Sunday, 30 May 2010

Look To Yourself To Make The Change

The Break In - No Fate But What We Make [Burial Records 004]

I thought I'd do a post on one of my old bands, in particular the first band to put out something on vinyl, The Break In. I joined in 2003 after they had played about 5 shows with Hannah doing vocals, Myself and Scott White stepped in after she and Alan left the band. It took about 10 shows up and down the country after touring with November Coming Fire and The Last Chance for us to click with the crowd, the sow that happened at was Himsa/NCF/Love That Kills in Canterbury. We rolled on in our Spy Kids 3D specs and busted out (The Break) Intro for the first time, intending to write a full blown song out of it, but after the reaction we got to the 60 second outburst of mosh we decided to leave it as it was. The demo had been out for a couple of months and we had a few songs left to record from that particular session of songwriting, so we approached Troy and McKee of Londons Burial Records about doing a 5 track 7" incorporating the 3 demo tracks with a couple more tracks sandwiched between those songs before we dropped our MCD on Dead & Gone. They were into the idea so we got shit moving. We popped out 2 tracks with Ben Phillips over at City Of Dis and at the same time tweaked the demo with new bass and a few extra guitar bits, gang vocals were fleshed out with a new take and Burrows did another guest spot (Oooooh shit!).
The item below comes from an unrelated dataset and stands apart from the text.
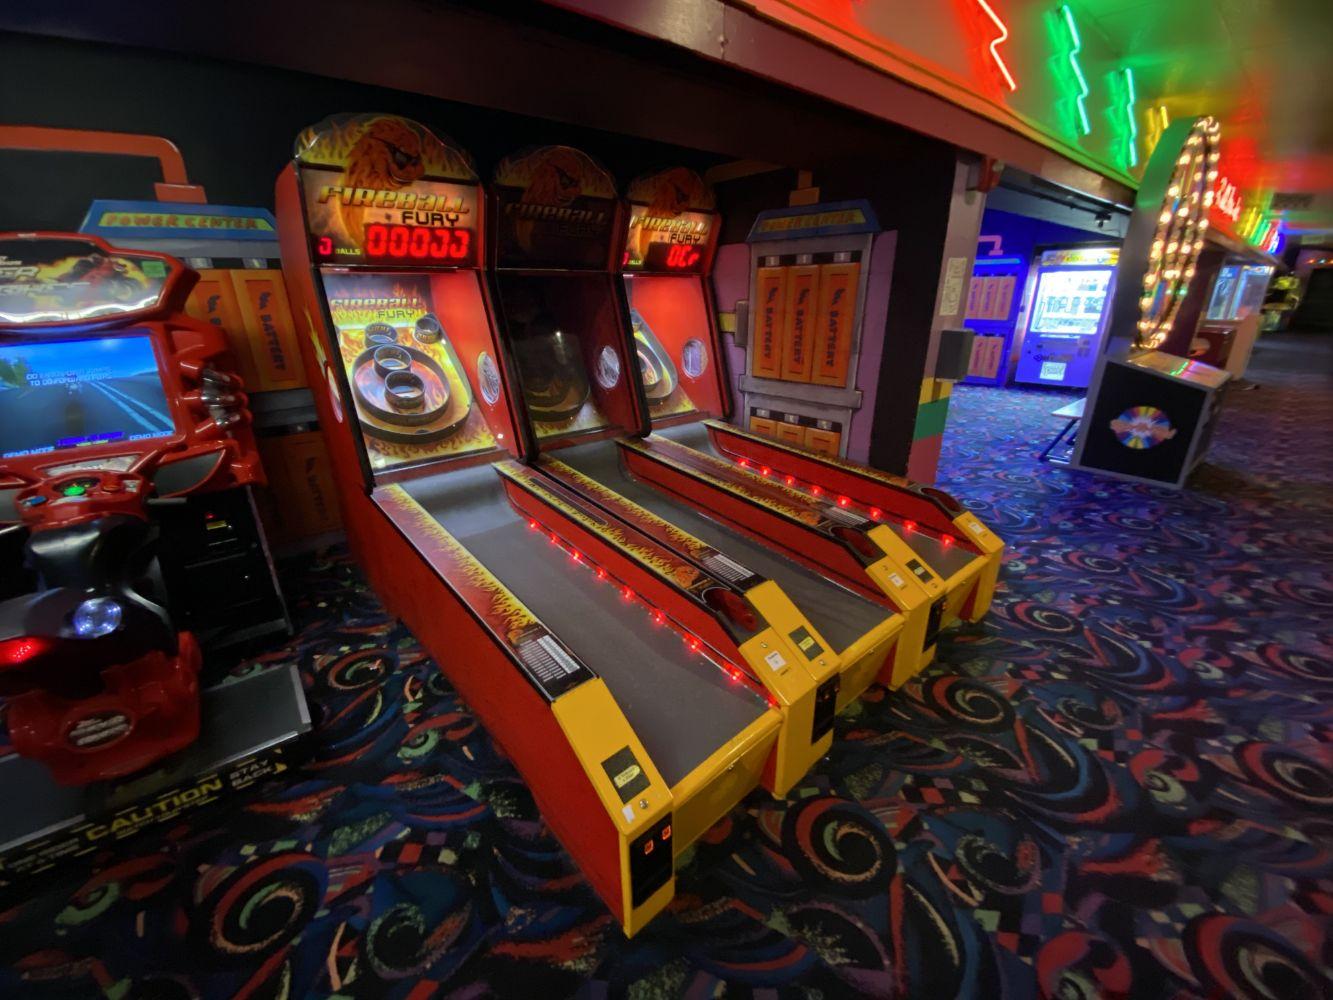 INDOOR ROLLER SKATE PARK - AMUSEMENTS - ARCADE GAMES - AUDIO/VIDEO - REST. EQUIP. - LASER TAG

It was 2003 and excitement over a third Terminator movie was at boiling point, the title of this record was born out of the line from T2 "There is no fate but what we make for ourselves." Nate actually suggested the title, cheers for that one. Artwork wise we got Sketchy Adam (@xchandlerx79 on twitter) to do the fron/back and it came out just as we envisioned it, unfortunately the pressing was done on a glued card sleeve rather than a fold out insert jobby so the band name on the spine didn't quite work out, no big deal though. There was 100 copies done for pre-orders on white vinyl and 400 on black. Each was stamped with an x/rose on the A side and the Burial logo on the B side, black ink for the white, red for the black. One mistake which I accept responsability for is I should have gotten the large hole 7"s, but I didn't tell the Burial guys about it until it was too late.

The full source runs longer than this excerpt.